3Grupo de Estudio sobre Sociología de las Emociones y los Cuerpos, Instituto de Investigaciones Gino Germani, Universidad de Buenos Aires, Buenos Aires, Argentina

Email: anacervio@hotmail.com, victoriadhers@gmail.com

Copyright © 2014 by authors and Scientific Research Publishing Inc.

This work is licensed under the Creative Commons Attribution International License (CC BY).

http://creativecommons.org/licenses/by/4.0/

Received 2 February 2014; revised 23 February 2014; accepted 7 March 2014

ABSTRACT

Considering the acceleration of social time encouraged by the ever increasing speed in the circulation of goods and products in the current phase of capitalist development, it becomes essential to reflect on the configuration of social sensibilities. Particularly, the logic is embodied in the way city dwellers are, in their feelings and in their modes of possessing (physical things/property). Based on observations from Argentine life that illustrate the unequal access to basic urban services and goods, this article assesses the concept of “waiting mechanism” and its articulation with social sensibilities in peripheral urban contexts. The main assumptions of this analysis are that “waiting” affects bodies and that the experience of the city results from the class inter-play of social and bodily distance and proximity, which opens certain paths and closes others. From this standpoint, it is demonstrated that this “logic of waiting” yields feelings of helplessness socially reproduced through the assertion that “things will always be this way” and structured from the repetition of the experience of lacking (lack of access to basic sanitation, lack of possibilities of transportation, and so on). Thus, the emergence of “waiting” as an ability becomes problematic since it is one of the mechanisms manifesting the living conditions of people (and their historically constructed sensibilities) from the outskirts of cities in the twenty-first century.

Keywords:Social Time; Logic of Waiting; Social Sensibilities

1. Introduction

“Better times will eventually come…”

Considering the current proliferation of objects and technologies associated with immediate delight, shortened distances, limitless communication and boundless interactions, the city appears to the observer as a privileged setting for the development and consumption of cultural and technological innovation, being both triumphs of the “information era”. In this context, there are some widespread assumptions on how social relations are produced in the twenty-first century cities.

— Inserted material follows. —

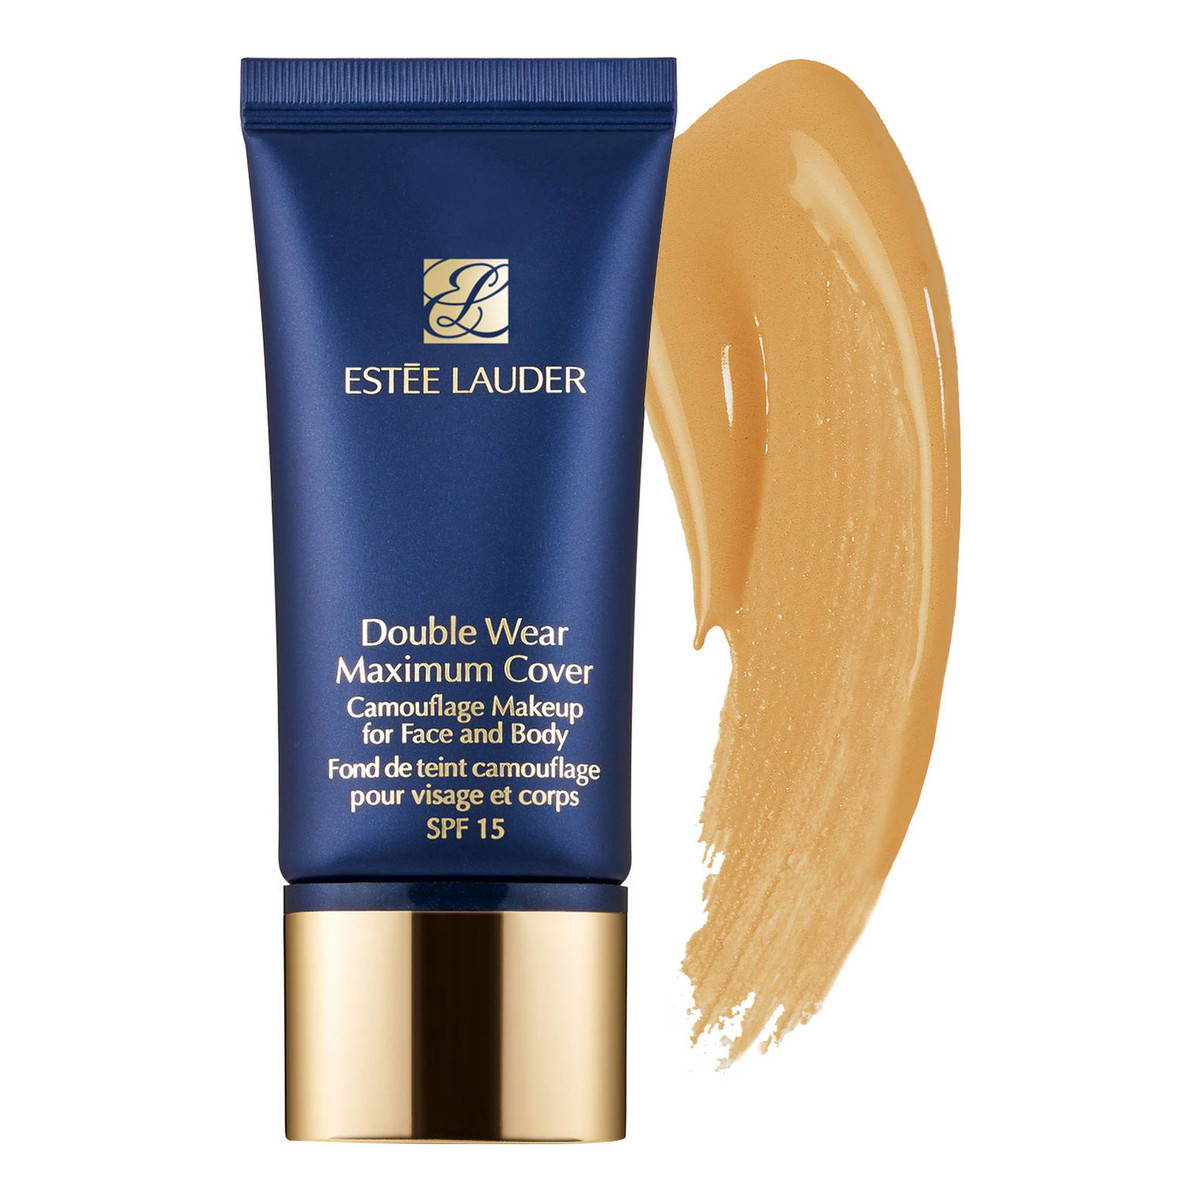 Estee Lauder Double Wear Maximum Cover Camouflage Makeup For Face And Body podkład kryjący SPF15 30ml

It is common to hear that access to the Internet, mobile phones, GPS devices, webcams and digital photo cameras are instruments that stimulate flows and organize the time-space dimension. They multiply the ability to transmit and receive information, and influence the modes in which people conduct personal relationships, do business, do shopping, or learn (e.g. from the comfort of the office, a coffee-shop, or a park at any time). Nevertheless, these statements can be assessed critically from a socio-spatial interpretation anchored in the corporeal dimension of social relations. From this viewpoint, the impacts of ICTs on the development of urban life and the fantasy of immediacy resulting from it are limited (materially “slashed”) by subaltern spaces and circuits. Thus, the image of a segmented city emerges, one characterized by unequal access to material goods and differential sociabilities, emotions and rights.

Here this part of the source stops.